In this case, i'd be very skeptical, and agree with Marcus on this one.

----------


## sizzlechest

Perhaps other peptides turn cloudy as well. But read the instruction in any pharma grade HGH and they tell you not to shake it and do not use if it turn cloudy. But to verify purity, strenght etc.. thats a whole diffefernt ball and game. Its hard to find a lab that can do the test properly and its expensive. This is why so much bunk is floating around.

----------


## BigBadWolf

Even if every bunk hgh out there turned clear after this little test, once someone in the bunk hgh game got wind of it it would only be a matter of time till something was added to it so it would turn cloudy after boiling it.

----------


## zzetter

Hi sizzlechest. Please shoot me an email when you get a chance bud.

----------


## juicyjohnny

Mr. sarcasm 
I would rather waste a little fake shit and the fuc4kers selling it, than keep buying it and pumping it into my body ?
I been putting out a lot of cash to these ripoff artist skum bags.
I just wanted to know what was legit so I didnt have to pay for months worth before I found it was bunk.

----------


## gixxerboy1

The chinese shit is fake. Its been posted her a million times.

The test you want to do is going to give you false hope. Its not an accurate test

----------


## BigRick82

Going to try tonight with some rips and nips. 

D*%m GixxerBoy........... drooling over the avatar

----------


## tcw

Yeah....Really G

Is that your Honey?

Nice ! ! !




> Going to try tonight with some rips and nips. 
> 
> D*%m GixxerBoy........... drooling over the avatar

----------


## tcw

Of course...if you can "afford" to get your medicine from an accredited source...more power to you.

...However, for some this is not an option. 

Better to be safe than sorry. 

I say shake it or boil it...if you are buying on the street.

----------


## gixxerboy1

> Of course...if you can "afford" to get your medicine from an accredited source...more power to you.
> 
> ...However, for some this is not an option. 
> 
> Better to be safe than sorry. 
> 
> I say shake it or boil it...if you are buying on the street.


i understand most cant afford the good real stuff. Then you are better off getting nothing.

yea thats my wife

----------


## DanB

> *i understand most cant afford the good real stuff. Then you are better off getting nothing*.
> 
> yea thats my wife


after seeing whats going on in another well known board i couldnt agree more

----------


## juicyjohnny

> i understand most cant afford the good real stuff. Then you are better off getting nothing.
> 
> yea thats my wife


I can afford to get get the good stuff I don't have any connections
It's time to update the avvy

----------


## juicyjohnny

> The chinese shit is fake. Its been posted her a million times.
> 
> The test you want to do is going to give you false hope. Its not an accurate test


It's telling us that if its clear its fake fake most importantly.
It's also been posted on here a million times that the Chinese shit is real too.

----------


## gixxerboy1

> It's telling us that if its clear its fake fake most importantly.
> *It's also been posted on here a million times that the Chinese shit is real too*.
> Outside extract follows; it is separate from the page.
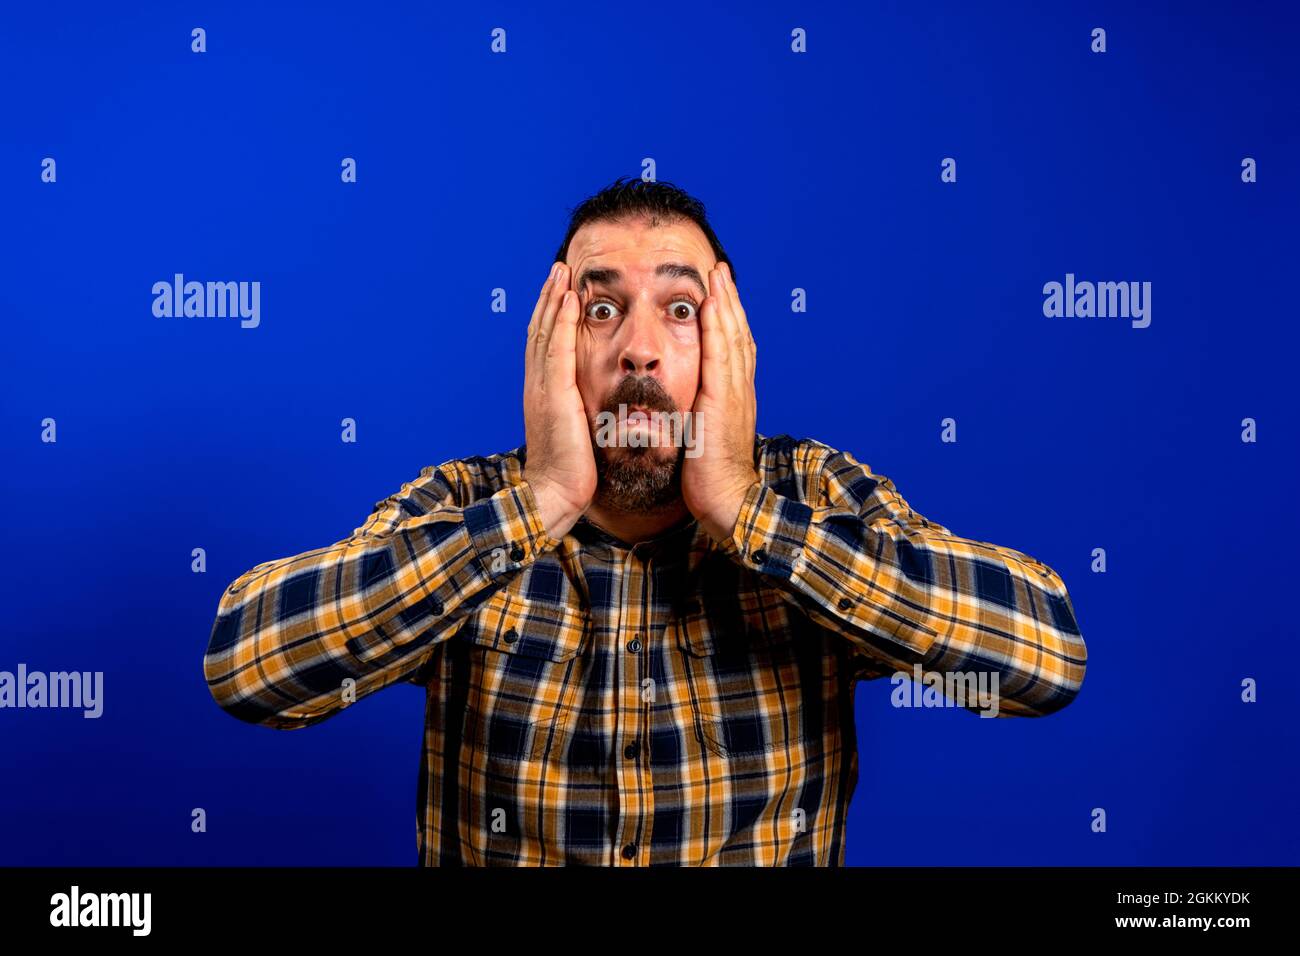 Young man with a frightened pose over blue monochrome background Stock Photo

yea by people who get gh like sides and never have used real gh. 
I dont get why nobody wants to believe the vets who know.
Its not our money your wasting and we have nothing to gain or loose if you run gh or not.

----------


## juicyjohnny

I guess I originally joined this forum to get advice on real hgh and if the crap I was buying was real or fake.
Alls I seen was you have to wait at least 3 months like a test dummy and see if you get results and keep in mind pay roughly 1800 to just see if its real or pregnancy test which is useless because that just tells you if its hcg so I guess bottom line is I'm giving up on hgh because I can't deal with the aggravation of paying out good chunks of money to worry about if someone's fuc*ing me over.

----------


## gonzo6183

All I can say is it worked for me, I didnt buy the fake gear I was contemplating. 
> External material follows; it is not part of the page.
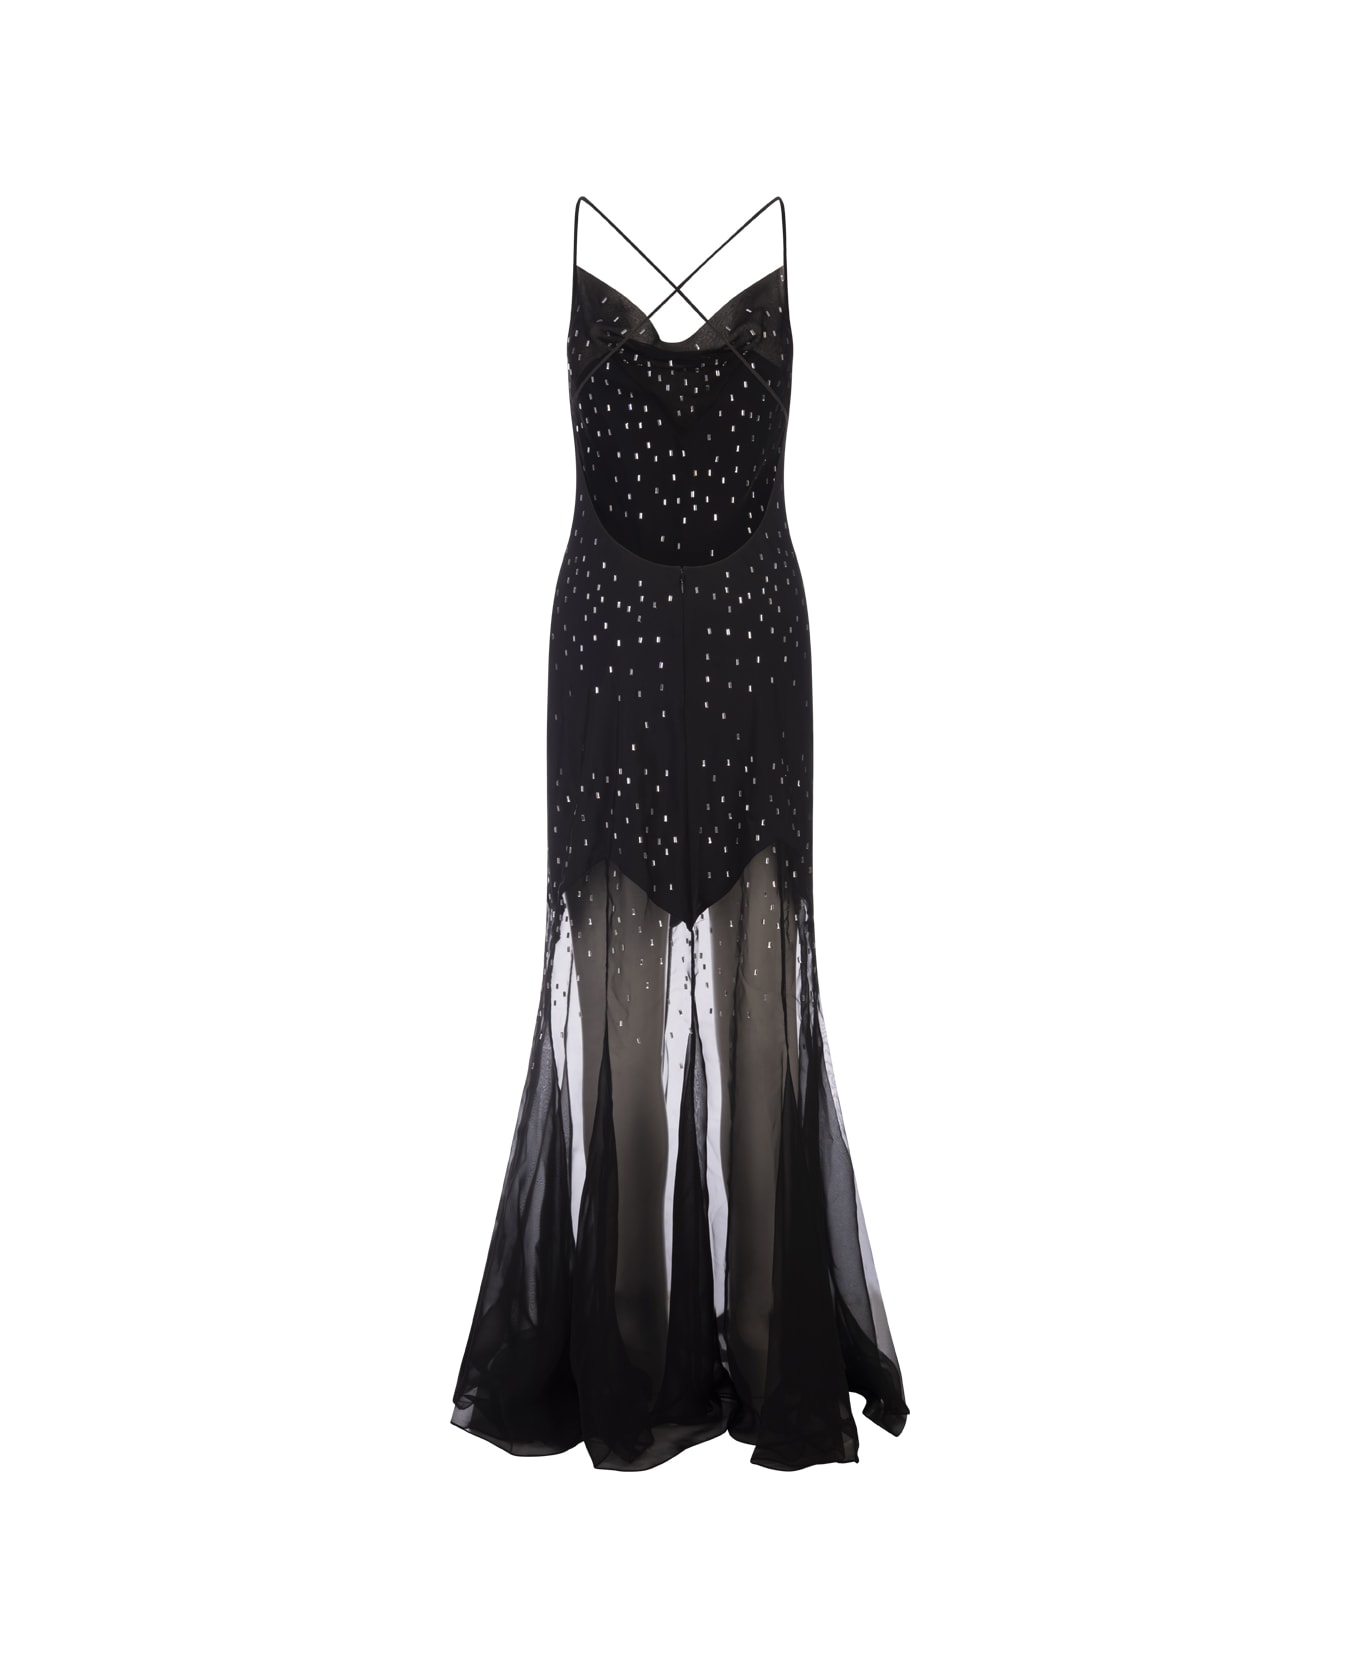 Paco Rabanne Long Black Dress With Crystals - Black

As for pharmacy gh in Australia, do any of you guys know what that costs? I do I have a prescription

----------


## Markosterone

did the rips turn cloudy ?

----------


## BigRick82

Initial results

Rips- Cloud
Nips- Clear
GP Blues-Clear

Report back tonight

----------


## BigRick82

Well checked them out this morning... the results are the same

Rips- Cloudy
Nips- Clear
GP- Clear

----------


## fossilfuel7

> Well checked them out this morning... the results are the same
> 
> Rips- Cloudy
> Nips- Clear
> GP- Clear


So this means the Rips are supposed to be real??...WTF.....I had no results from those like in early 2010 and all they did was cause me to gain like 10 pds of water weight instantly. They didn't raise my IGF level either according to 2 test.

I dunno..whatever.

----------


## gixxerboy1

> So this means the Rips are supposed to be real??...WTF.....I had no results from those like in early 2010 and all they did was cause me to gain like 10 pds of water weight instantly. They didn't raise my IGF level either according to 2 test.
> 
> I dunno..whatever.


its not an accurate test. Are we really supposed to believe that gh is the only chemical that will turn cloudy when heated.

----------


## BigRick82

> its not an accurate test. Are we really supposed to believe that gh is the only chemical that will turn cloudy when heated.




I don't trust it 100% but it does backup other tests. Believe what you want people, if I had a good connect on Pharma that's all I would buy.

----------


## ScotchGuard02

Cool posts. I'm gonna boil me up some HGH for dinner.

----------


## fossilfuel7

Be interesting to know where JJ got this test information from....since he is not the molecular biochemist?

----------


## Gi812Many

Kigs was bunk.............

----------


## H2Okid

interesting. but as some of the vets have said, how do we know that hgh is the only substance that turns milky color. that side will be mimmicked quickly when the east hears of this test.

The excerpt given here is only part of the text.